Семь дней завершились. После занятий в монастыре мы с Панайотисом вышли в лес.
— Семь дней прошли, — сказал мой друг.
— Что ты решил?
— Я хочу увидеть ее!
Я и не ожидал иного ответа.
— Что ж, тогда… — и я рассказал ему мой простой уговор с Сельви. — Она будет ждать нас!
Он схватил меня за руку, горячо пожал, и вдруг повернулся и помчался обратно в монастырь. Я не стал дожидаться его возвращения. Я понял, что ему надо побыть в одиночестве.

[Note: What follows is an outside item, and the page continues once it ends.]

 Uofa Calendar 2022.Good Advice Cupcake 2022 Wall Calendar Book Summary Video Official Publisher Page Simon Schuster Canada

В назначенную ночь мы подошли к дверце. На этот раз, конечно, Панайотис не отпрашивался у отца Анастасиоса. Мы немного подождали. Было еще рано. Затем я все же осторожно налег на дверцу плечом. Она была открыта! Страшные домыслы полезли мне в голову и, должно быть, отразились в испуганном выражении моего лица.

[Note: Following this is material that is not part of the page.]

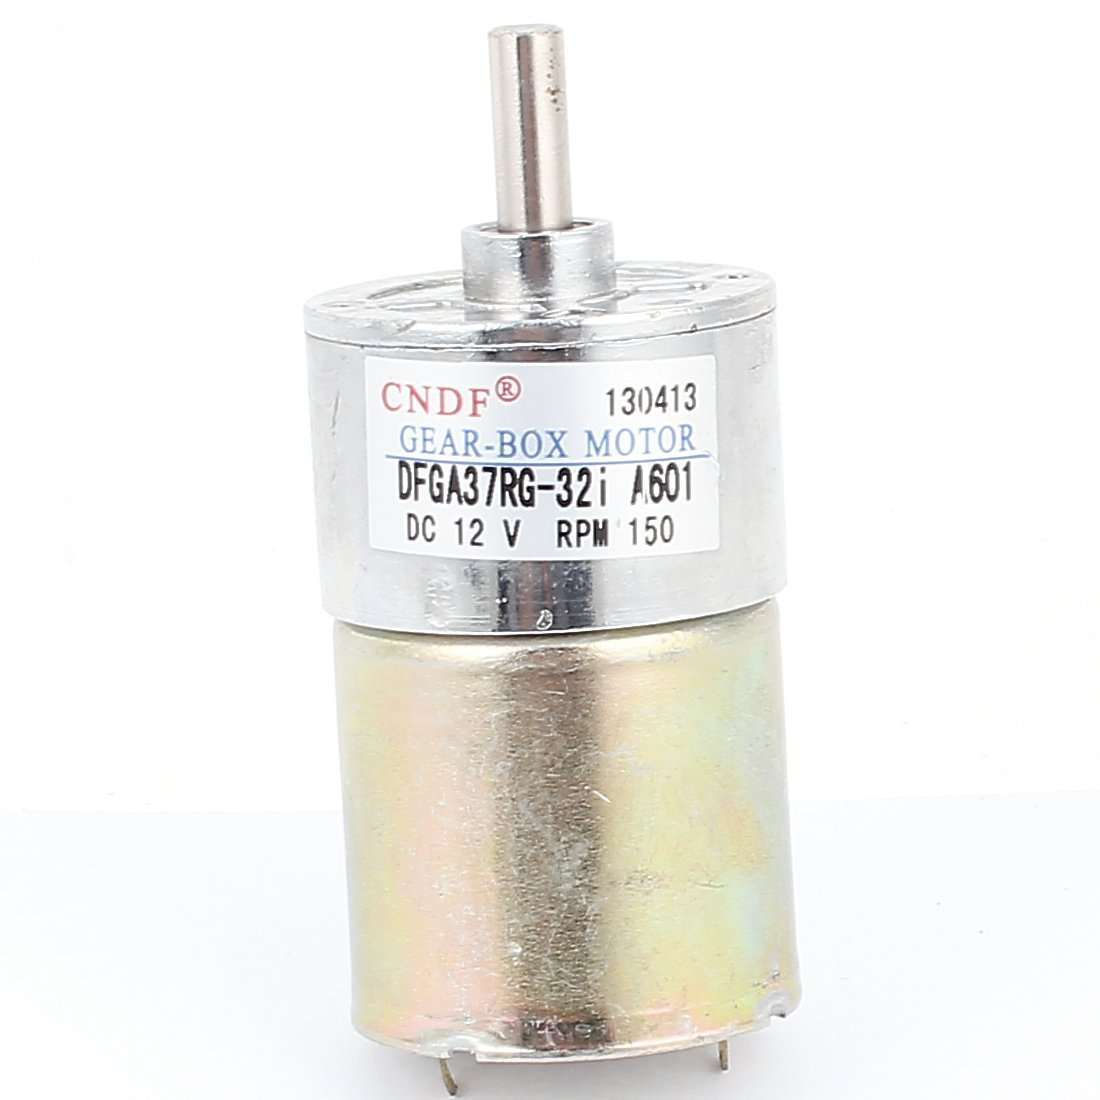 EbuyChX DFGA37-a601 DC 12V 150 RPM 6mm baras High Torque Gear-Box Electric Motor - - Amazon.com

— Что-то не так? Что-то случилось? — Панайотис тоже встревожился.
— Нет. Все как уговорено. Только дверь отворена немного раньше, чем надо было. Войдем.
Мы вошли в сад. «Неужели случилось несчастье? — думал я. — Неужели Сельви похищена? По моей вине! Что делать?»
«Прежде всего — не бить тревогу раньше времени!» — откликнулся внутренний голос.
Мы медленно шли по дорожке ухоженного сада. И вскоре — что за радость! — увидели Сельви. Она стояла возле беседки, у розового благоухающего куста. Значит, это она в нетерпении открыла дверь раньше времени и выглядывала на улицу, забыв всякий страх! Быть может, любовь излечит ее от ее недуга? Как мне хотелось этого!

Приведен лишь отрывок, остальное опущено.